Geçen yaz birlikte aynı okulda görev yaptığımız eski bir öğretmenim telefonla aradı. Kendisine ismiyle hitap edince "Numaramı silmemişsin" dedi. Niçin sileyim dedim. "Ne bileyim? Silmişsindir diye düşünmüştüm. “Evine yakın bir yerdeyim. Müsaitsen bir çay içelim" dedi. Kalkıp yanına vardım. Birlikte birkaç bardak çay içtik. Ne yapıyorsun, nerelerdesin, ne yiyip ne içersin dedim. “Malum KHK ile ihraç edilenlerdenim. Bir yıl boyunca iş aradım. Bu şehirde iş bulamadım. Eskişehir'de iş buldum. Eşim merkezde bir okulda görev yapıyor, bense günlük 150 km gidiyor, bir o kadar da geliyorum" dedi. Hakkında dava açıldı mı, durumun ne dedim. Mahkeme takipsizlik verdi ama MEB başlatmadı, dedi. Özel okulda aldığın ücret yeterli mi, geçinebiliyor musun dedim. Şükür! Zorlansam da geçiniyorum. Rızkı veren Allah dedi. Biraz daha lafladıktan sonra vedalaşıp ayrıldık.
*
Bugün haftalık sebze ihtiyacımı karşılamak için muhitime yakın bir başka semt pazarına gittim. İftar öncesi hızlı bir şekilde alışverişimi yapmak için sergilere göz atarken "Abi, selamün aleyküm. Nasılsın" diye ismimle seslendi. Başımı kaldırıp baktığımda KHK ile ihraç edilen eski bir okul müdürüydü bana seslenen. Üç yıldır görmemiştim kendisini. Ayaküstü lafladık biraz. Geri dönmedin mi soruma hayır cevabı aldım. Ne iş yapıyorsun dedim. Sanayide çalışıyorum dedi. Ne işi dedim. "İş güvenliği belgem vardı. Onun üzerine bir işte çalışıyorum. Er-rizku ale'llah, rızık Allah'tandır. Derdim haksızlık" dedi. Rızık, eyvallah dedim. Vedalaşıp ayrıldık.
*
İkisinin durumuna da üzüldüm. İlk anlattığım öğretmenle en son üyesi olduğu Eğitim Bir sendikasından istifa edip Aktif Sen sendikasına geçtiğini duyduğum zaman kendisini telefonla arayıp ne işin var o sendikada? Yanlış yapmışsın demiştim. Tabii ne fayda? İkinci anlattığım okul müdürüyle okullarımız yakın olması hasebiyle zaman zaman toplu ulaşım araçlarında karşılaşır, laflardık. O da Aktif Sen üyesiydi. Bazı zamanlarda söz döner dolaşır Paralel yapıya gelirdi. Yapıyı savunurdu. Ben de kendisine savunduğunun yanlış olduğunu söylerdim.

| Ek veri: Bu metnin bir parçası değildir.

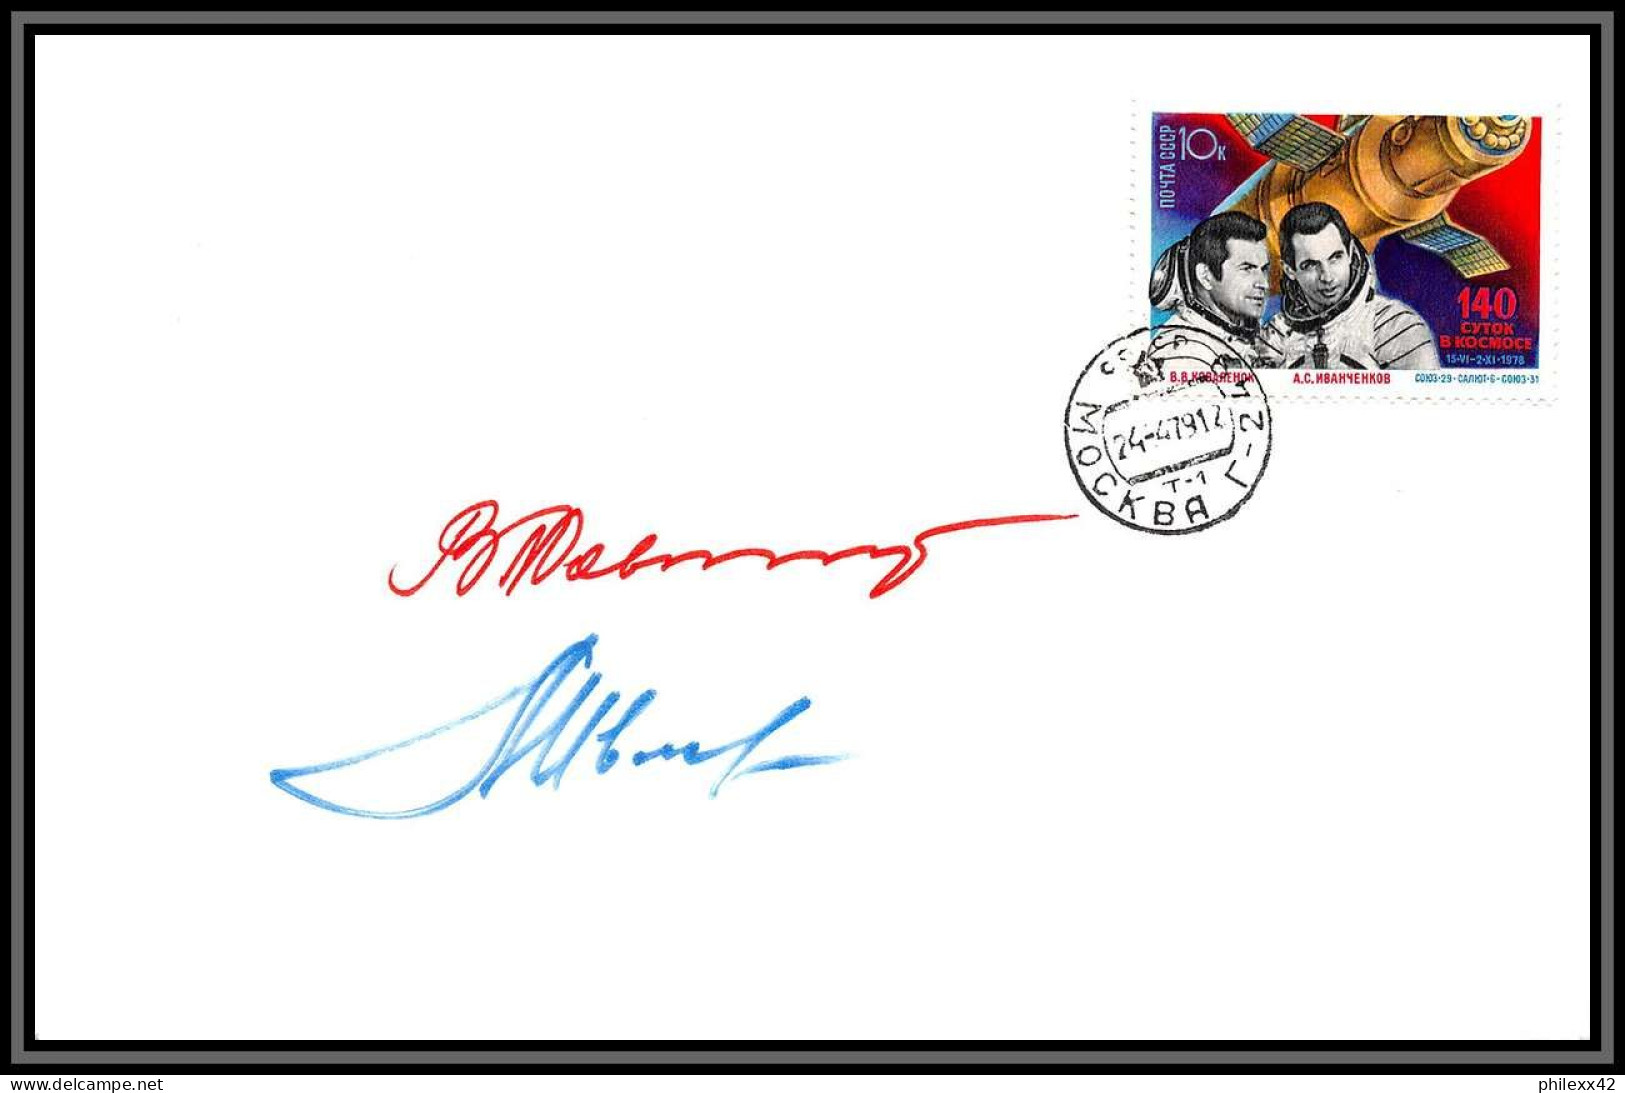 3500X Espace Space Lettre Cover Signé Signed Autograph Ivanchenkov Cosmonauts Russia Urss USSR 24/4/1979 Soyuz Soyouz 31 - UdSSR

15 Temmuz'dan sonra aynı durumda olan birçok kişi gibi bu ikisi de görevden el çektirildi. Tüm uyarılara rağmen sinsi yapı ile bağlarını koparmamalarından dolayı çok masum sayılmazlar. Elbette bir bedel ödemeleri gerekiyordu. Ama bu bedel görevden atılma ve ekmeğiyle oynamak olmamalıydı. Çünkü ekmeğiyle oynamak ve bunu uzatmak maalesef kişileri terbiye etmez. Hazırında devlete düşman eder ve bunların çocukları da devlete karşı düşman yetişecekler diye düşünüyorum.

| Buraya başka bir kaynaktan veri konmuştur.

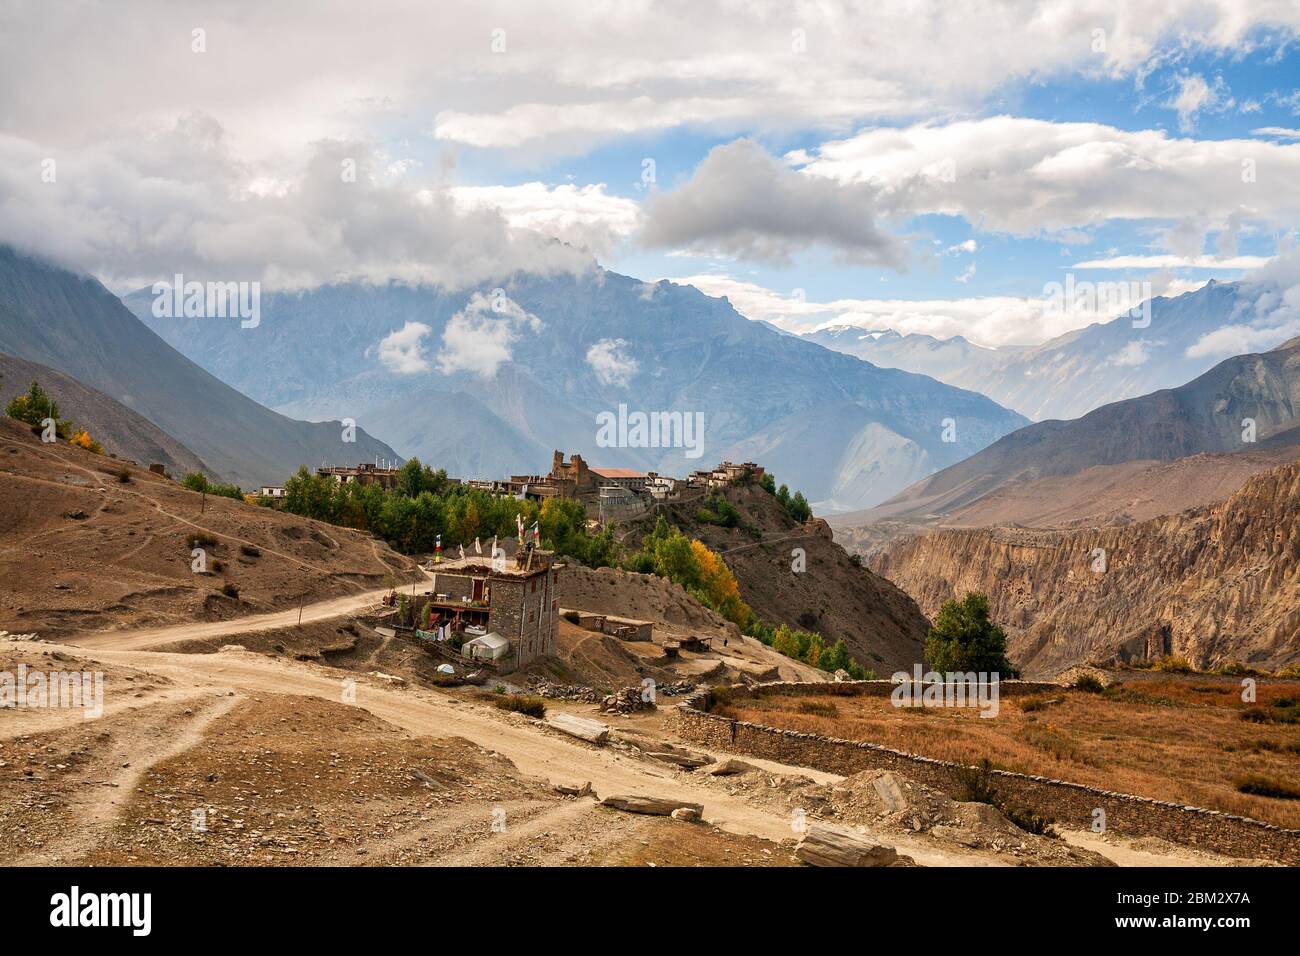 Village népalais de Jharkot entouré de montagnes, Mustang inférieur, Népal. Paysage de montagne d'automne Banque D'Images

Burada yapı ile zamanında bağını koparmayanları savunacak değilim. Güvenliğini emniyete almak için devlet elbette tedbirini alacak ve bunlara karşı bir rezerv koyacaktır. Ama bunun cezası kapı dışarı etmek olmamalıydı. Pekala bu tip kişileri pasif göreve atayarak ekmeğini kesmeden gözetim altında tutabilirdi. Bunlara stratejik öneme sahip ve güvenliği tehlikeye atacak yerlerde görev verilmeyebilirdi. Çünkü görevden alınan bu kişiler içimizde yaşamaya devam ediyorlar. Bunları kamudan atmakla iş bitmiyor. Bizim bu durumumuz evimizin pisliğini kapı önüne atmaya benzer. Kapının önünü temizlemez isek dışarıdaki pislik her halükarda evin içine geri gelecektir.

Hasılı darbenin içinde aktif olarak görev almamış kişilerle ilgili devletin farklı bir adım atmasında fayda var. Bu adım toplumsal barışa katkı sağlayacaktır. Çünkü bu ülkenin buna her zamankinden daha fazla ihtiyacı var.